2 The contemplation of the εἴδωλον, image or symbol, leads us to the reality. The reality is always the Platonic Idea. The εἴδωλον, in the case of ordinary “things,” is the material copy which men mistake for the reality (516 A). In the case of spiritual things and moral ideas, there is no visible image or symbol (Politicus 286 A), but imperfect analogies, popular definitions, suggestive phrases, as τὰ ἑαυτοῦ πράττειν, well-meant laws and institutions serve as the εἴδωλα in which the philosophic dialectician may find a reflection of the true idea. Cf. on 520 C, Sophist 234 C, Theaetetus 150 B.

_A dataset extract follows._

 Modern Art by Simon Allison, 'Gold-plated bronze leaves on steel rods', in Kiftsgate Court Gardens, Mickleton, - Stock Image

3 Cf. Timaeus 86 D, Laws 731 E, Apology 23 A. The reality of justice as distinguished from the εἴδωλον, which in this case is merely the economic division of labor. Adam errs in thinking that the real justice is justice in the soul, and the εἴδωλον is justice in the state. In the state too the division of labor may be taken in the lower or in the higher sense. Cf. on 370 A, Introduction p. xv.

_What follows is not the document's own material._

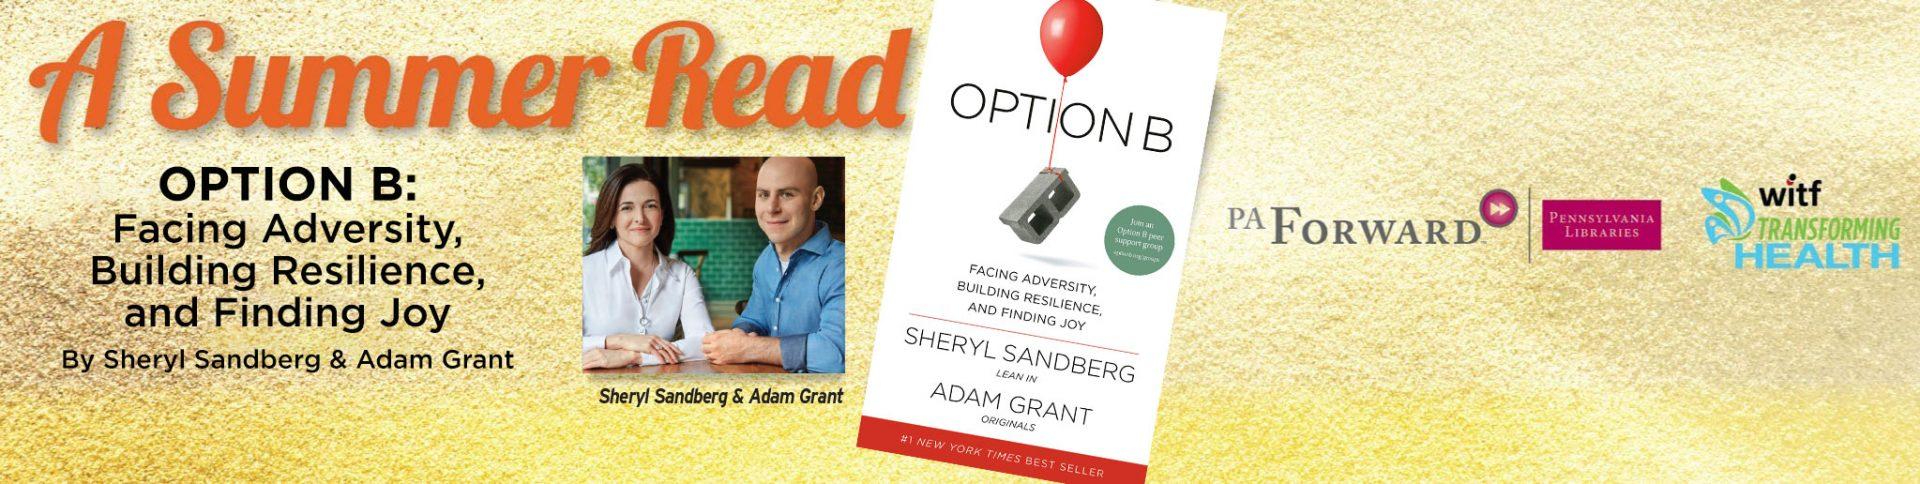 A Summer Read - Option B

4 μὴ ἐάσαντα . . . δόχαν444 A: Cf. Gorgias 459 C, 462 C. A series of participles in implied indirect discourse expand the meaning of τὴν ἐντόςπρᾶξιν), and enumerate the conditions precedent (resumed in οὕτω δή443 E; Cf. Protagoras 325 A) of all action which is to be called just if it tends to preserve this inner harmony of the soul, and the reverse if it tends to dissolve it. The subject of πράττειν is anybody or Everyman. For the general type of sentence and the Stoic principle that nothing imports but virtue cf. 591 E and 618 C.

5 Cf. on 433 E.

6 Cf. Gorgias 491 D where Callicles does not understand.

7 Cf. Gorgias 504.

8 Cf. 621 C and on 352 A.

9 The harmony of the three parts of the soul is compared to that of the three fundamental notes or strings in the octave, including any intervening tones, and so by implication any faculties of the soul overlooked in the preceding classification. Cf. Plutarch, Plat. Quest. 9. Proclus, p. 230 Kroll.ὥσπερ introduces the images, the exact application of which is pointed by ἀτεχνῶς. Cf. on 343 C. The scholiast tries to make two octaves (δὶς διὰ πασῶν) of it. The technical musical details have at the most an antiquarian interest, and in no way affect the thought, which is that of Shakespeare's “For government, though high and low and lower,/ Put into parts, doth keep one in concent,/ Congreeing in a full and natural close/ Like music.” (Henry V. I. ii. 179) Cf. Cicero, De rep. ii. 42, and Milton (Reason of Church Government), “Discipline . . . which with her musical chords preserves and holds all the parts thereof together.”

10 Cf. Epin. 992 B. The idea was claimed for the Pythagoreans; cf. Zeller I. i. p. 463, Guyau, Esquisse d'une Morale, p. 109 “La moralité n'est autre chose que l'unité de l'être.” “The key to effective life is unity of life,” says another modern rationalist.

11 ὀνομάζοντα betrays a consciousness that the ordinary meaning of words is somewhat forced for edification. Cf. Laws 864 A-B and Unity of Plato's Thought, p. 9, n. 21. Aristotle (Eth. Nic. 1138 b 6) would regard all this as mere metaphor.